The multi-scale mechanism functions as a means of sampling the image at different levels, with different levels providing images of varied scales and resolutions, each scale size image contains unique and easy-to-learn semantic features, which provide rich decision-making information for image segmentation. 20 Inspired by the multi-scale mechanism, CE-Net 21 believes that increasing the receptive field is conducive to improving the final image segmentation accuracy, so it incorporates pyramid pooling and atrous convolution into the U-shaped network which is mainly composed of ResNet34 models, and proposes the residual-based multi-kernel pooling (RMP) module and the dense atrous convolution (DAC) module based on dense connectivity. The DAC module captures more semantic feature information by embedding multi-scale atrous convolution into multiple cascade branches; the RMP module combines several pooling operations of different sizes to capture enough background information on the semantic feature information after DAC processing. Through these two modules, CE-Net captures some high-level feature information and reduces the loss of spatial information in the image to get better image segmentation results. Wang et al. 22 proposed ARMS Net and designed adaptive multi-scale feature extraction module (AMFEM), which allows the receptive field to be dynamically adjusted with the feature map size. Wang et al. 23 borrowed the idea of pyramid pooling, designed a multi-scale feature extraction block, and proposed multi-path connected network (MCNet), which obtains larger and more the receptive field information. Chen et al. 24 proposed a multiscale position-aware network, designed a position-aware module for locating the target pixels, and reduced the feature information gap in the multiscale feature branches by an aggregation module to finalize the X-ray image segmentation.

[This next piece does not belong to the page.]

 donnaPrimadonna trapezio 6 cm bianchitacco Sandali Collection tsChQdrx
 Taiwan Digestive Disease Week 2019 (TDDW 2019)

In the recent years of research, researchers widely apply the attention mechanism in image tasks, 25 garnering accolades from many scholars. Inspired by the attention mechanism, Oktay et al. 26 proposed the Attention U-Net, which introduces an attention module based on the U-Net structure. They place this attention module before splicing the encoding path features and the decoding path features at each layer, and it adjusts the feature information extracted from the encoding path, reduces the importance of the irrelevant feature regions in the image, and provides enhanced highlighting of key feature areas in an image. Li et al. 27 proposed GT U-Net, which replaces the encoding and decoding structure with a group transformer with better performance, 28 and also reduces the computation of the network model by grouping and bottlenecking structure to finally complete the X-ray image segmentation. Kaya et al. 29 combined U-Net and OctConv 30 to propose an X-ray image segmentation method with lower memory overhead, and the improved U-Net also achieved better segmentation accuracy. Sheng et al. 31 used SWin-Unet 32 as the network model used in the segmentation algorithm, and the experimental results verified the advantages and future potential of SWin-Unet for X-ray image segmentation. Zhao et al. 33 proposed TSASNet, which divides the X-ray image segmentation task into two phases, with the first phase using the global and local attention modules to coarsely localize the target region, and the second phase using the fully convolutional network to complete the fine segmentation. UNeXt 34 proposed the tokenized multilayer perceptron (tokenized MLP) and introduced it into the lower two layers of the U-shaped network structure, replacing the original convolutional part. The larger size of the downsampling amplitude and the use of fewer convolutional layers make UNeXt lightweight, but these operations lose the receptive field information that is useful for the network model.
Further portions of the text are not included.